The remainder of this paper is organised in three main sections. The second section provides an overview of the test model construction. In the third section, we describe our constraining methods applied in the reservoir lithofacies modelling process, followed by a discussion of the modelling results and the sensitivities to noise and variogram parameters. Finally, in the last section, we analyse the uncertainties in the quantitative incorporation of inverted 3D seismic data in reservoir lithofacies modelling, followed by a discussion of these uncertainties in which we address seismic resolution limitations and overlapping elastic properties of different lithofacies types.
Test model
We construct a synthetic dataset (for simplicity, two lithology types and one elastic property) to act as a basis for analysing seismic constraining methods in geostatistical lithofacies modelling, and also for investigating the sensitivity of the results to (1) noise in the seismic data, and (2) differences in the parameters of the geostatistical variogram.

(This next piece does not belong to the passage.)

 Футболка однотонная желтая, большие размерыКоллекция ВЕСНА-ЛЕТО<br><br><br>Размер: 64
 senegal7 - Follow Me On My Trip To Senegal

We first construct a base reservoir lithofacies model, consisting of clean sand and shaly sand. The model covers an area of 6 km2 and the reservoir gross thickness is 100 m. Pure shale units, also 100 m thick, form the upper and lower boundaries. This 3D model contains 212 × 184 × 140 grid blocks with dimensions 12.5 × 12.5 × 1 m3. The clean sand and shaly sand distributions within the reservoir interval are modelled using the sequential indicator simulation (SIS) technique (Journel and Gomez-Hernandez, 1993), with an exponential variogram range of 20 m in the vertical direction and 1000 m in the major and minor horizontal directions for both the clean sand and the shaly sand. The thickness of the clean sand bodies range from values less than seismic resolution to greater than seismic resolution. The lithofacies model generated in this way (Figure 1a) is assumed to be the true (reference) model. The small net-to-gross value (~20%) addresses the prediction uncertainties in zones of small net sand thickness. Seven well trajectories are then constructed at predefined positions within the reservoir framework, and the blocked litho-logs are obtained by identifying the grid blocks intersecting the well trajectories. Within each facies, the porosity distribution is found using the sequential Gaussian simulation (SGS) technique (Deutsch and Journel, 1992) from an exponential variogram with a vertical range of 10 m and horizontal range of 500 m in the principal directions.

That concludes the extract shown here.